Output, exactly as written, the lines below starting at the line containing "Képtalálatok a következőre: Sly" and ending at the line containing "Foto von ...". Drop the pictures and keep both end lines.

■ Exercise input
%%

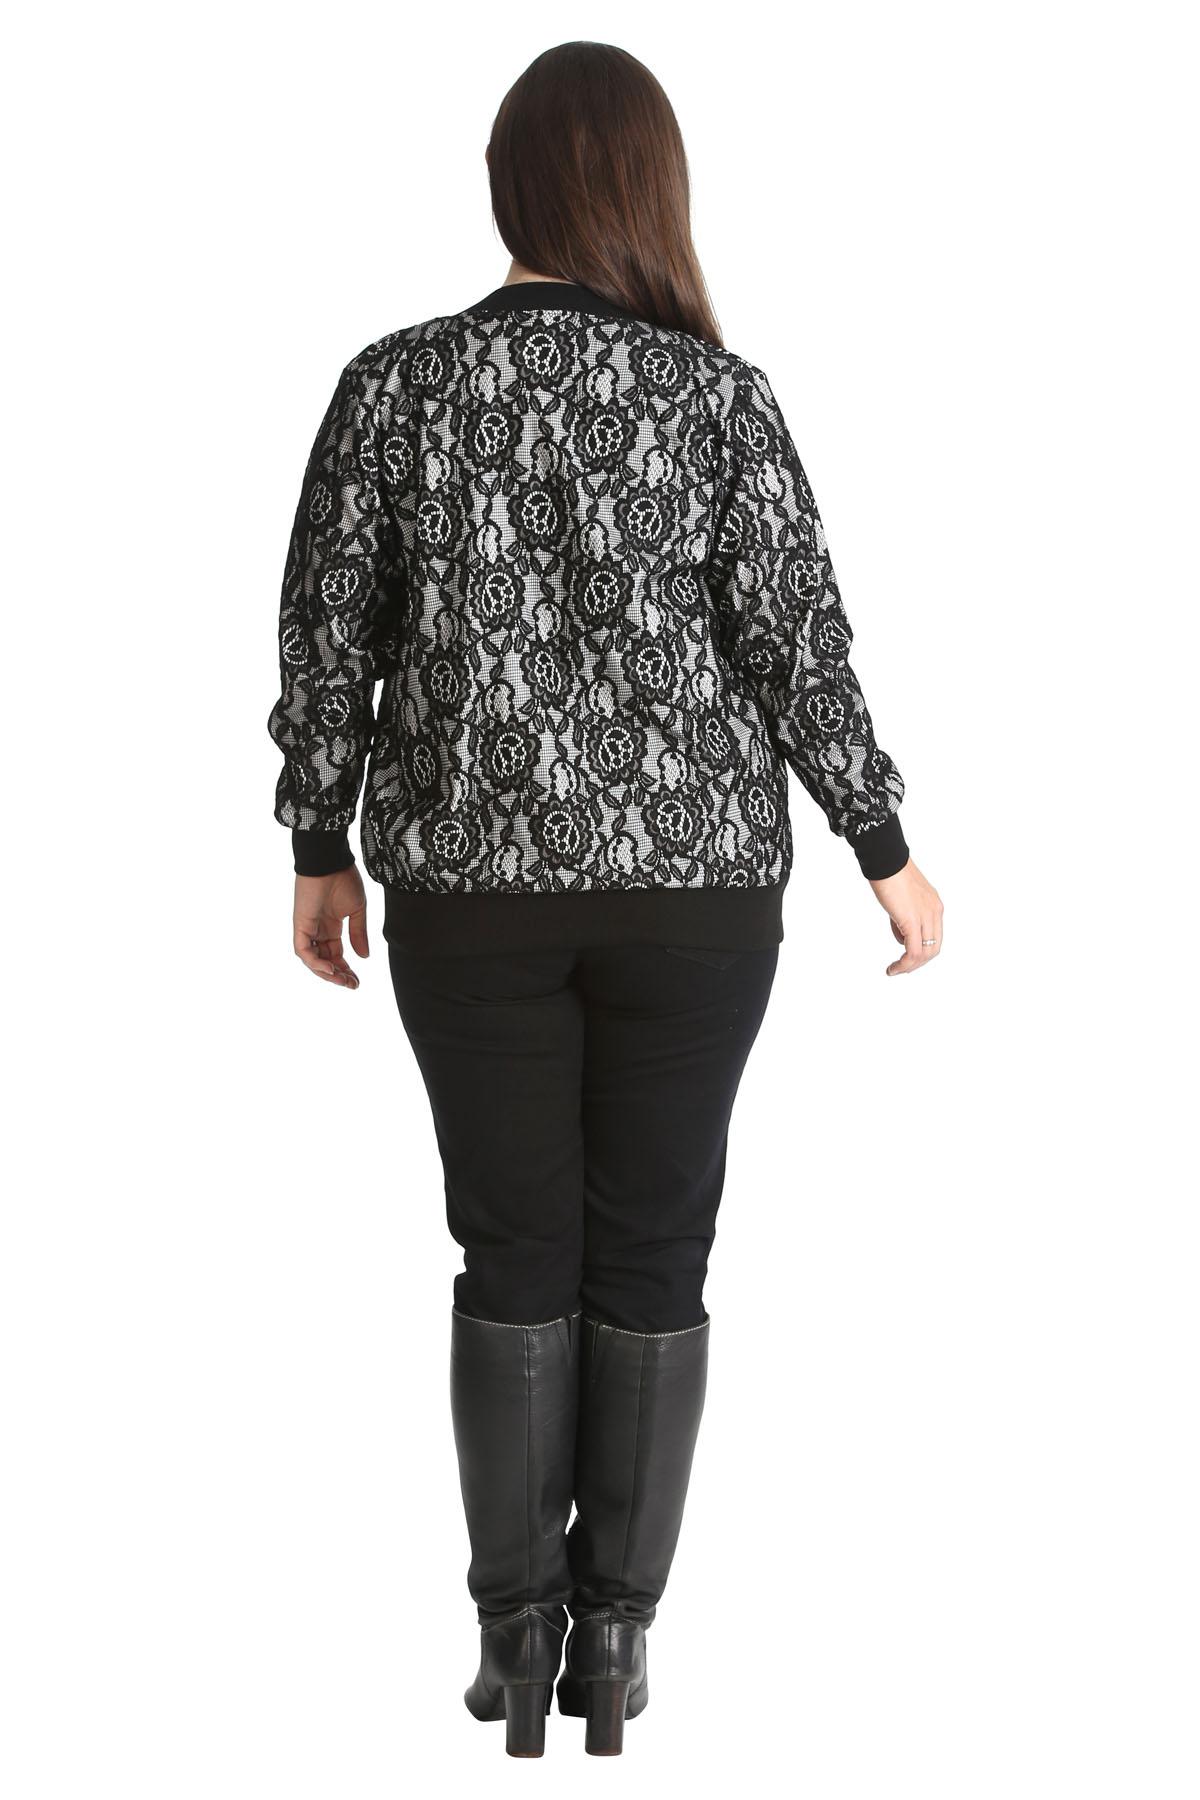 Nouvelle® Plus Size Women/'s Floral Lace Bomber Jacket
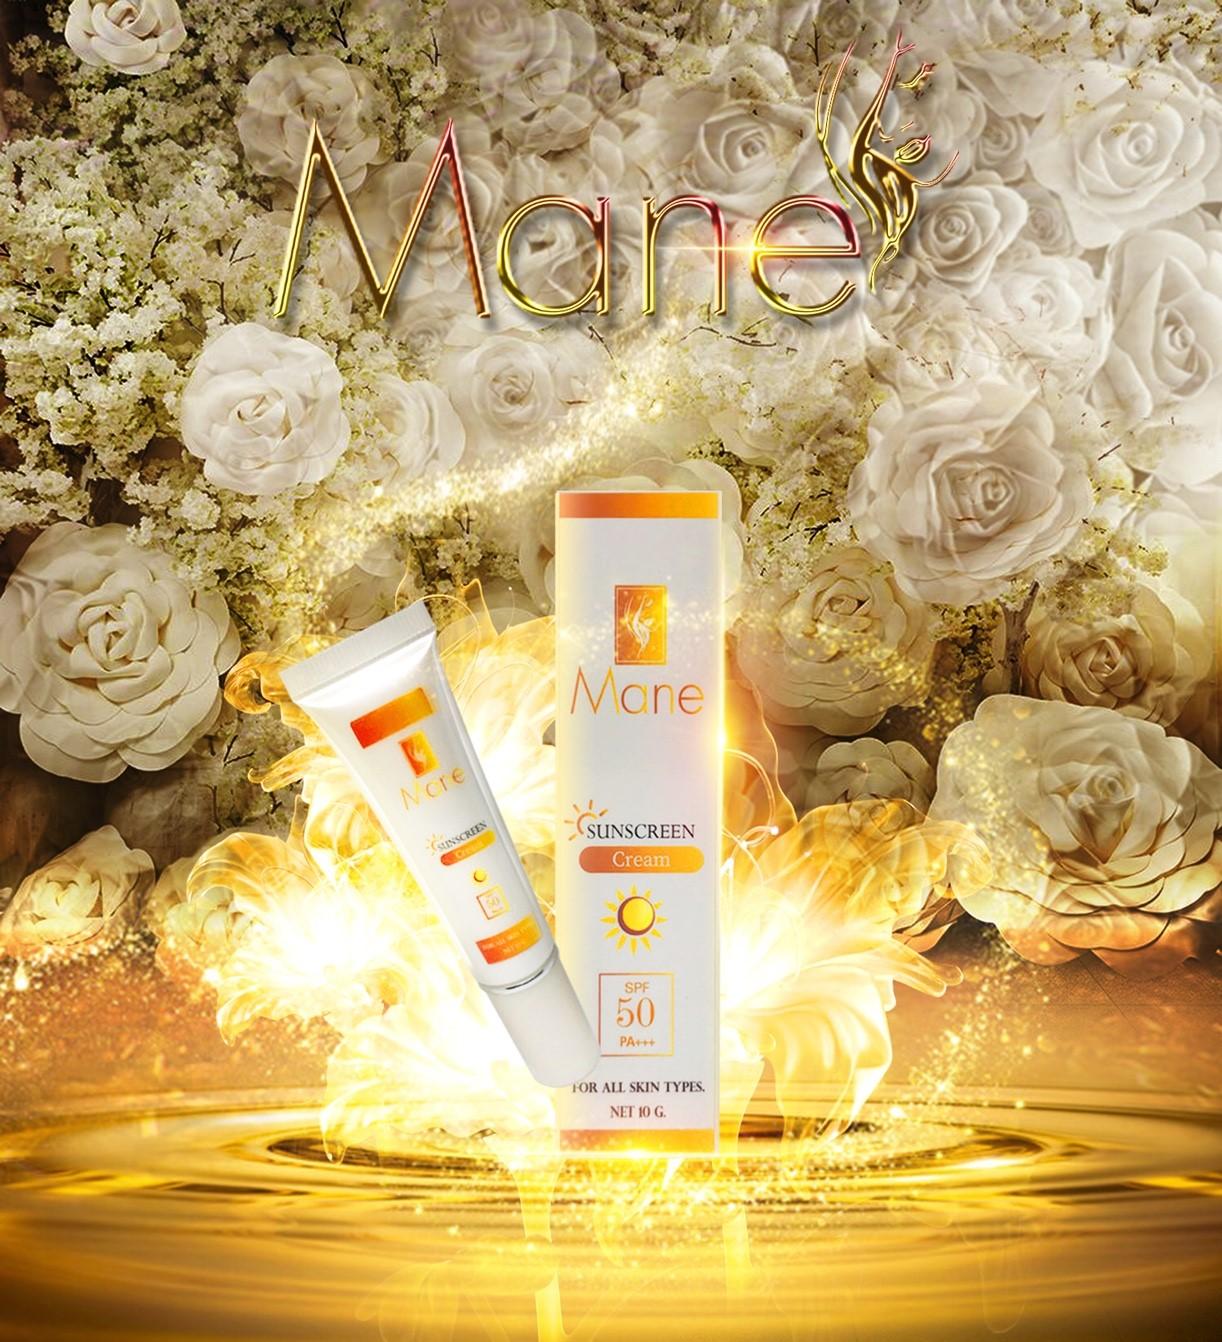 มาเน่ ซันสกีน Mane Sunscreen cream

%%
%%

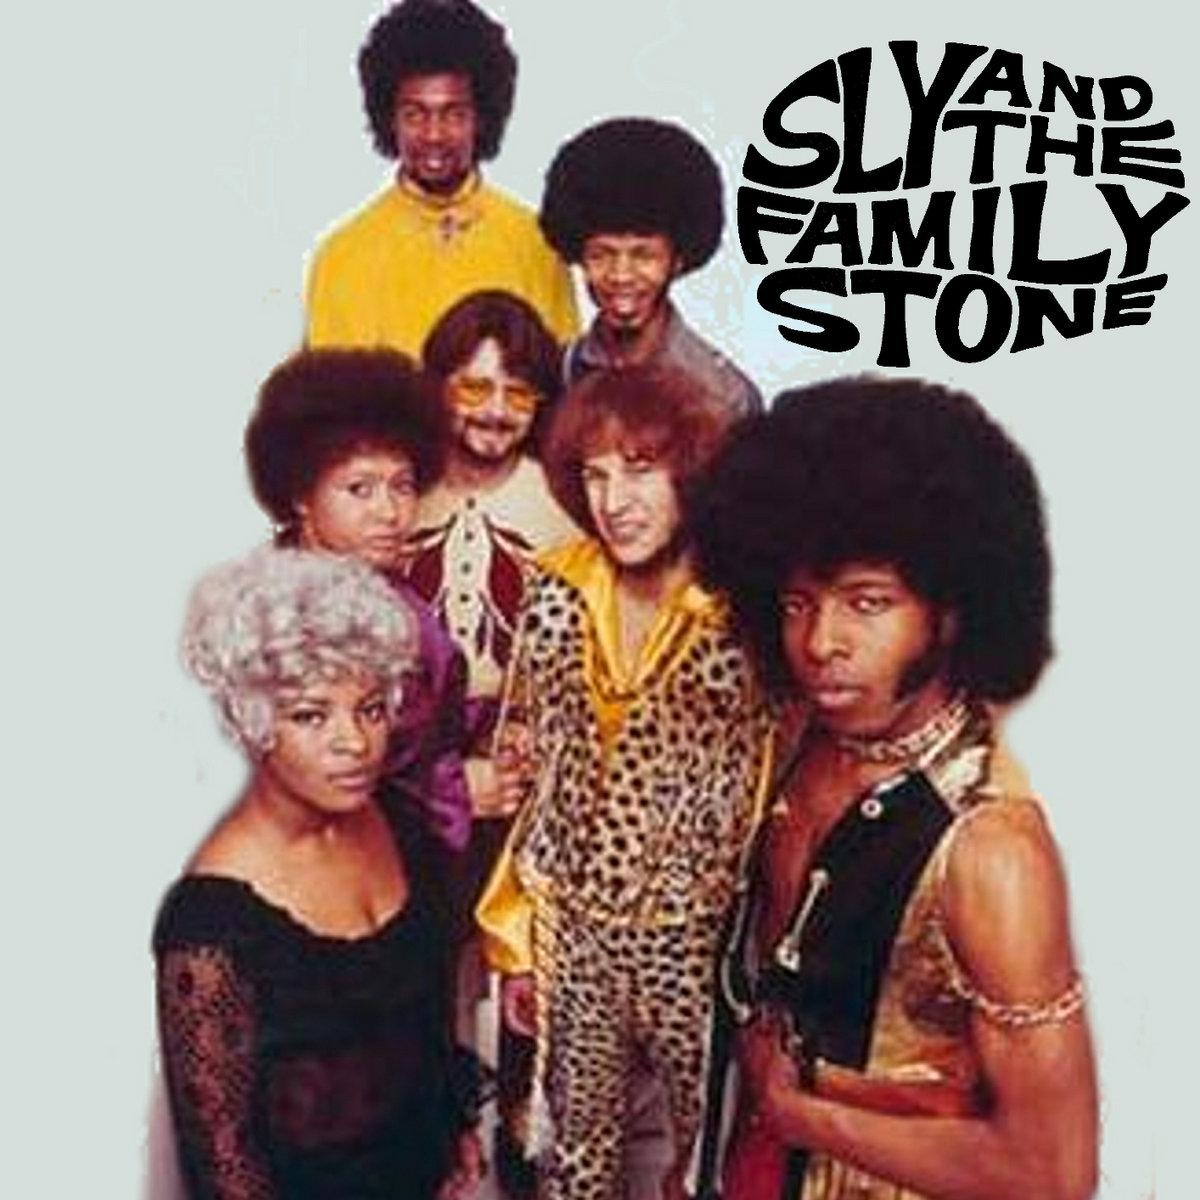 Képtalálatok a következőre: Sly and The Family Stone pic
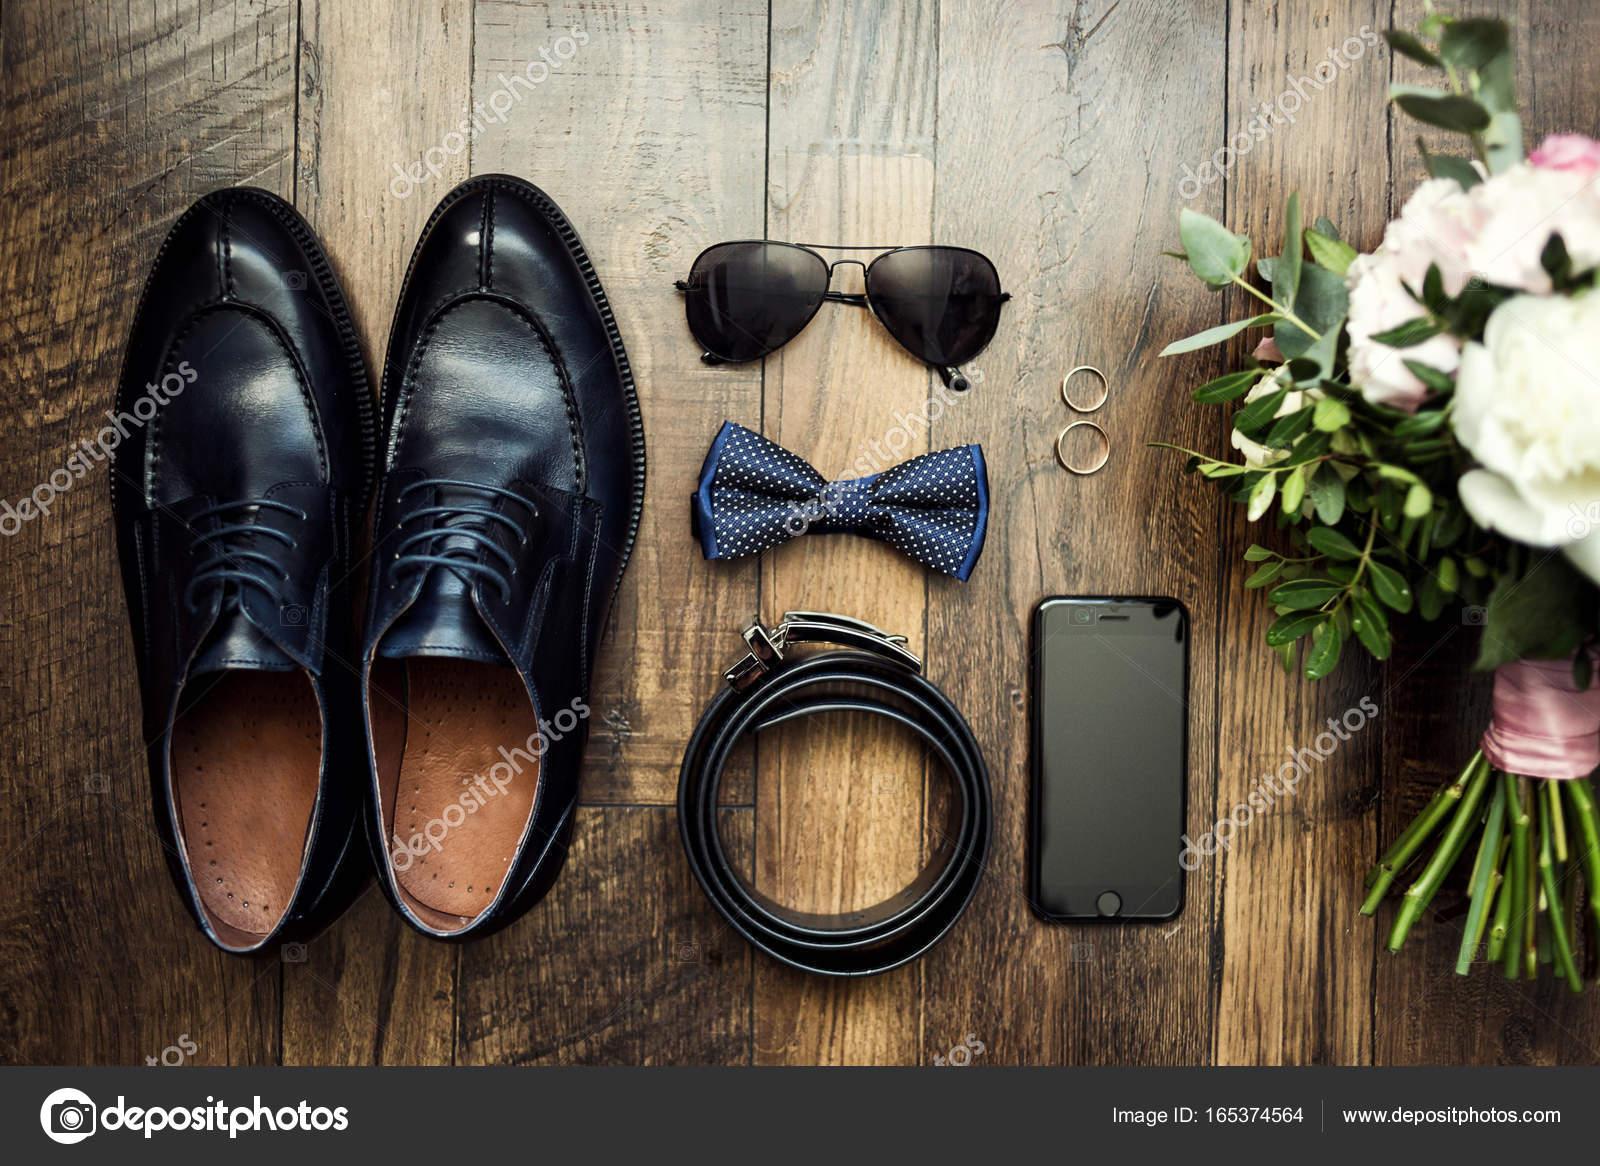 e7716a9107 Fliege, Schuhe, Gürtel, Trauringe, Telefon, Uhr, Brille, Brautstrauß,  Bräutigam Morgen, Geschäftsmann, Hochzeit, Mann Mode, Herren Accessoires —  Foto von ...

%%

■ Task output
 Képtalálatok a következőre: Sly and The Family Stone pic
 e7716a9107 Fliege, Schuhe, Gürtel, Trauringe, Telefon, Uhr, Brille, Brautstrauß,  Bräutigam Morgen, Geschäftsmann, Hochzeit, Mann Mode, Herren Accessoires —  Foto von ...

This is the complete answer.